Отчего-то сильно ее испугало это мужнино откровение — опомниться не могла. А Петр Петрович ощетинился, зарычал на свою половину:
— И ты туда же, старая? Нет, что бы мужа поддержать. А, ну, тебя!
Он резко отвернулся к стене и нарочито громко засопел…

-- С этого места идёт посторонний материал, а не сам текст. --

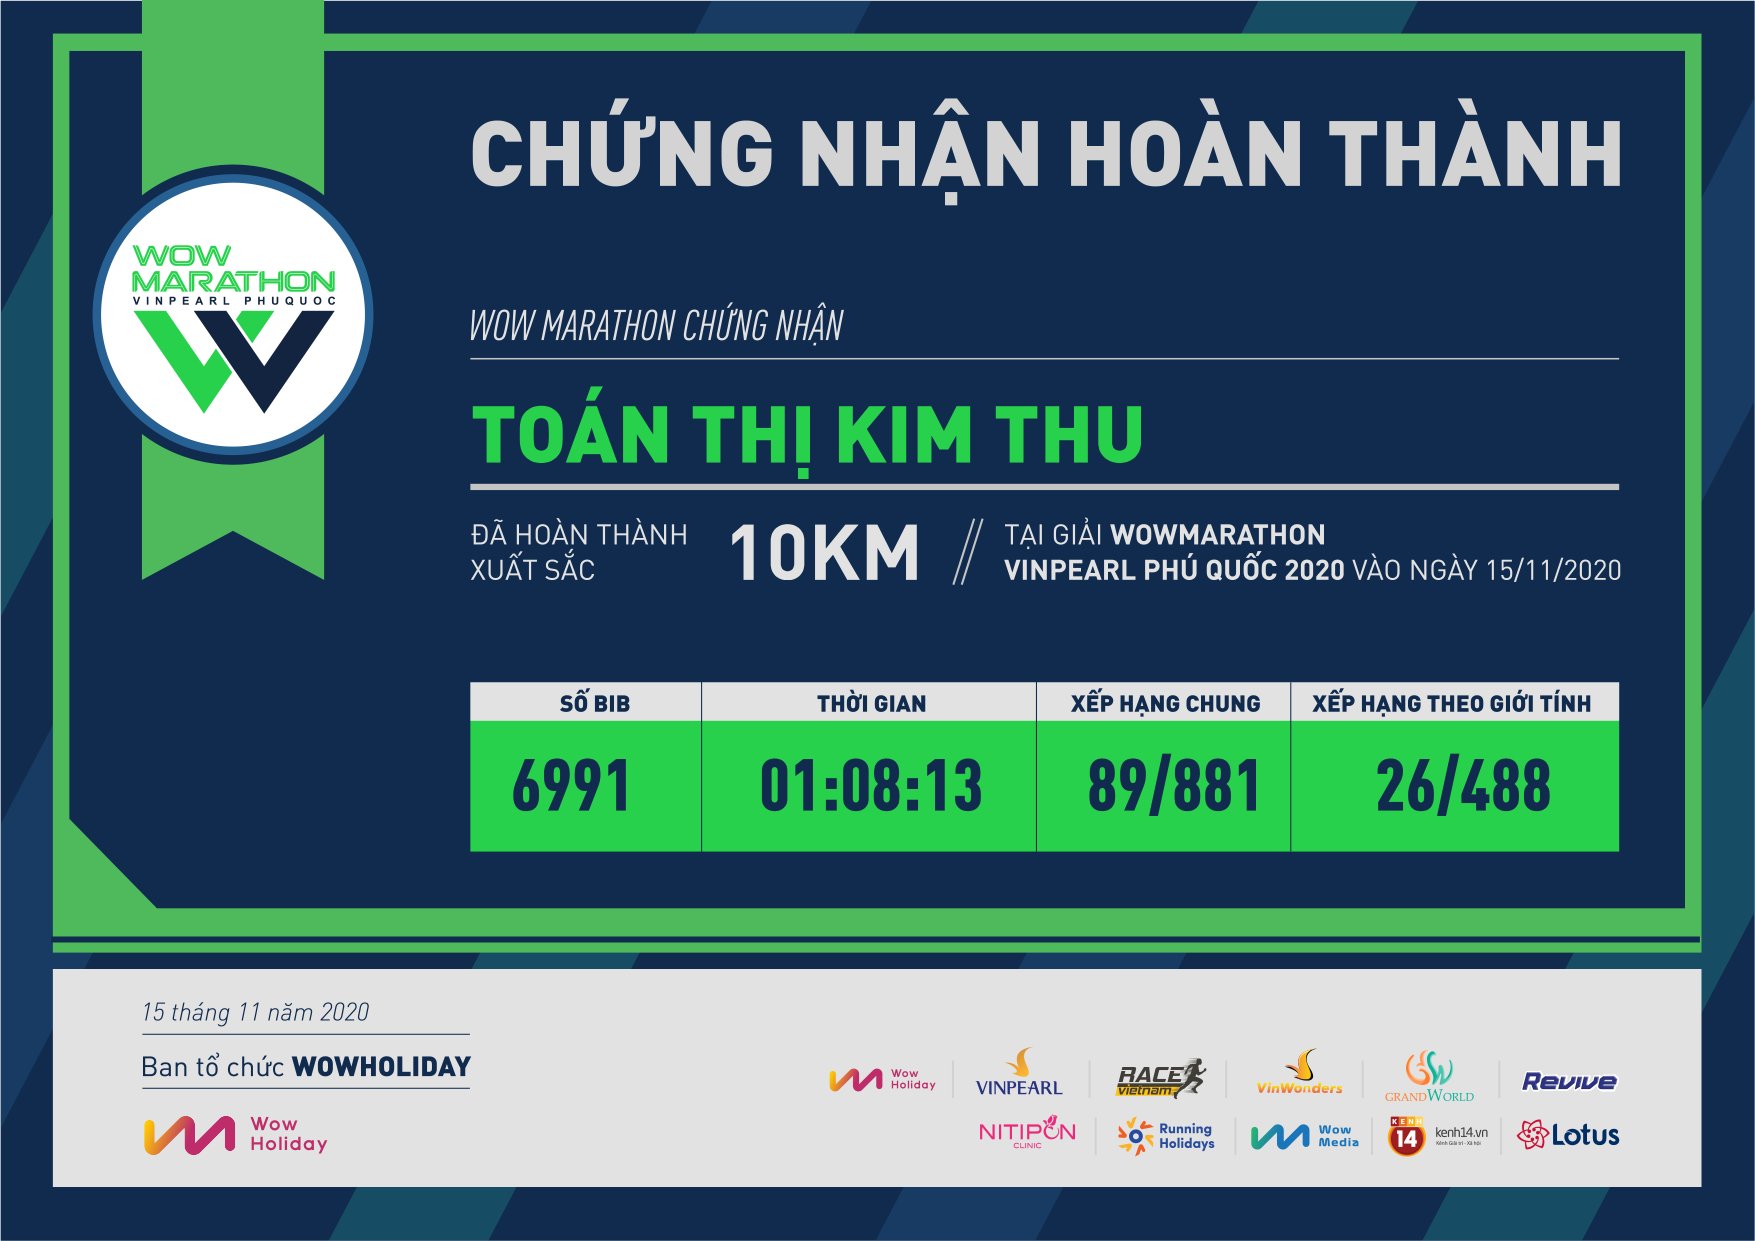 6991 - Toán Thị Kim Thu

Утром Петр Петрович от чая демонстративно отказался, даже на кухню не вышел. Жене ни пол слова — обиделся. Как из подъезда выходил, чей-то черный кот из-под скамейки под ноги кинулся и шмыг внутрь. Петр Петрович поперхнулся, плюнул через левое плечо и еще более помрачнел: в приметы хотя особенно и не верил, но котов черных по старой привычке чурался. «Вот ведь шельмец, — проворчал он, — и без тебя тошно, куда прешь?» Но кота уж и след простыл; умчался куда-то вверх по этажам, туда где остывал без дела в белой фарфоровой чашечке не тронутый Петром Петровичем чай.
День прошел как обычно, но к концу смены вызвал Петра Петровича к себе начальник цеха. Рассматривал долго, сидя за начальственным столом, теребил ручку, и вроде бы заметил Петр Петрович в этом взгляде некоторое удивление и досаду. А начальник меж тем встал, подошел совсем близко и носом повел, как гончий пес — обнюхал, одним словом.
— Что это ты, Петр, — спросил с укоризной, — столько лет держал себя в руках, замечен не был, а тут — на тебе — напился в зюзю на рабочем месте, да еще и дебоширил?
— Кто напился? — опешил Петр Петрович.
— Да ты! Имей совесть признаться — строго продолжал начальник и зачем-то указал рукой на висящий на стене портрет Президента страны. — Не знаю прямо, что с тобой делать?
В первое мгновение Петру Петровичу стало непонятно, ему ли все это говорится или самому Михаилу Сергеевичу, с сомнением сквозь тонкие золотые очки вглядывающемуся в необозримое российское пространство: не велико ли, мол, по цивилизованным европейским меркам? Однако, дошло до Петра Петровича: ему сказано, кому же еще? Кто ж так запросто замахнется на главу Великой, покамест еще, Державы?
— Да не пил я, — растерянно промямлил Петр Петрович, — вы же знаете, я ни-ни на работе.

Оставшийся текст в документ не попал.